Your own experience

Yesterday I found myself reading a first hand account of slavery in an interview of two sisters who had been 12 and 6 when emancipated. It intrigued me because there really are not many first hand accounts by slaves of their experience. What both interested me and annoyed me though, were the comments.

Person after person expressed regret that the sisters, in their eyes, seemed unaware of the horror of slavery since the ladies both agreed that their former master was a good man who treated them well. They even said that growing up in the main house they were spoiled and didn't want to leave when word of emancipation came through. I found it annoying that someone who has never come close to their experience felt that they were better equipped to classify and describe it than the women who actually lived it. So many of the comments were patronizing. People said things like "poor things they didn't know any better"

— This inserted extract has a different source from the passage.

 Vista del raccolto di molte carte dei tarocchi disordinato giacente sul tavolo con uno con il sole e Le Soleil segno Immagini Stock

I don't like the idea of slavery any more than the average black person in the states living this day and age. However I refuse to believe that slavery as it exists in my mind is the end all be all experience even when being told something different from someone who experienced it. Those ladies know better than I do how they were treated and if they say they were treated well then I believe them. I do wonder if part of their good treatment was due to the fact that they were children. How things might have changed had they reached adulthood still enslaved I don't know. What I took from the interview was that their particular owner was not a cruel person and endevored to treat his slaves as humanely as one could while still keeping them enslaved.  The slave children were all christened, they attended mass and on his deathbed their father requested and received a priest to attend him and legally marry him to his handfasted wife. From our current point of view we see that as the very least one could do but given the widely accepted and even encouraged cruelty of the time being kind or "soft" on ones slaves could cause the owners to lose standing within their communities so to be kind was in some ways quite radical.

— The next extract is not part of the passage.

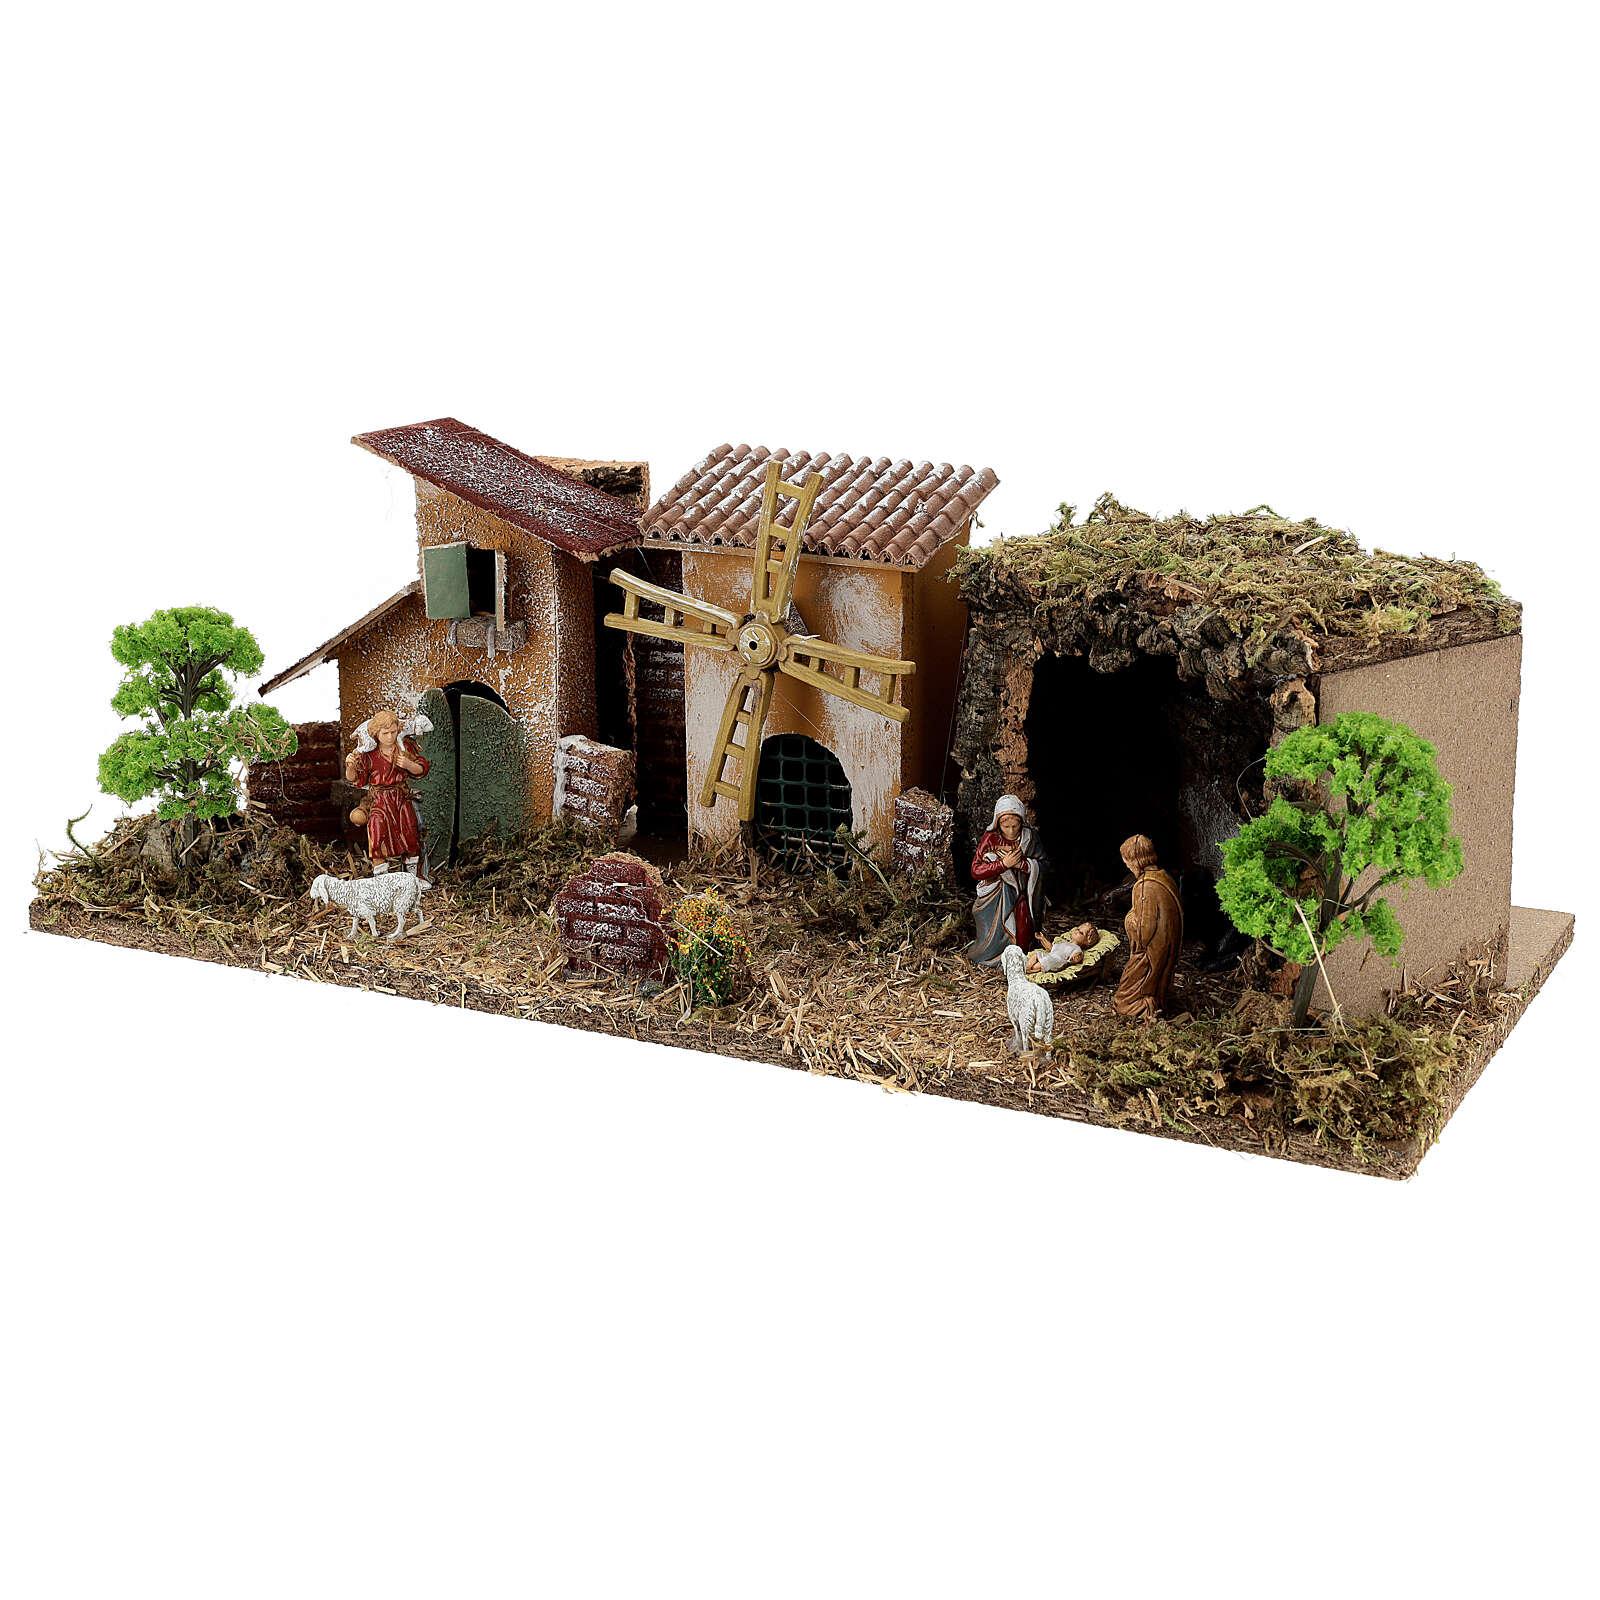 Borgo con Natività linea Moranduzzo presepi 8-10 cm 20x55x25 cm 4

I'm not naive enough to believe that all or even the majority of slave holders ruled with a great deal of kindness treating their slaves as not simple property but as people. There have been enough first hand accounts that say otherwise and I believe them. It takes nothing away from my strength of belief in the wrongness of slavery to believe a former slave who says their life was not one horror after another. No one should no matter how kindly intended, refuse to allow someone to own their own experiences. As a woman, as a person of color, as an adult who remembers being a child I have been in the position of having others assume they know more about what I have lived than I do and it's annoying to say the least. Not to mention just downright disrespectful. Slave owners like any other group of people, have their mix of horrifying, evil, ok, and even dare I say it, kind. If I accept that then I must accept that the lives and experiences of slaves were not monolithic, and every experience no matter how much it may chafe current sensibilities, should be valued and acknowledged as their truth.

If your arguments against slavery can only stand when all slave owners are cast as the devil incarnate then you need to work on your arguements.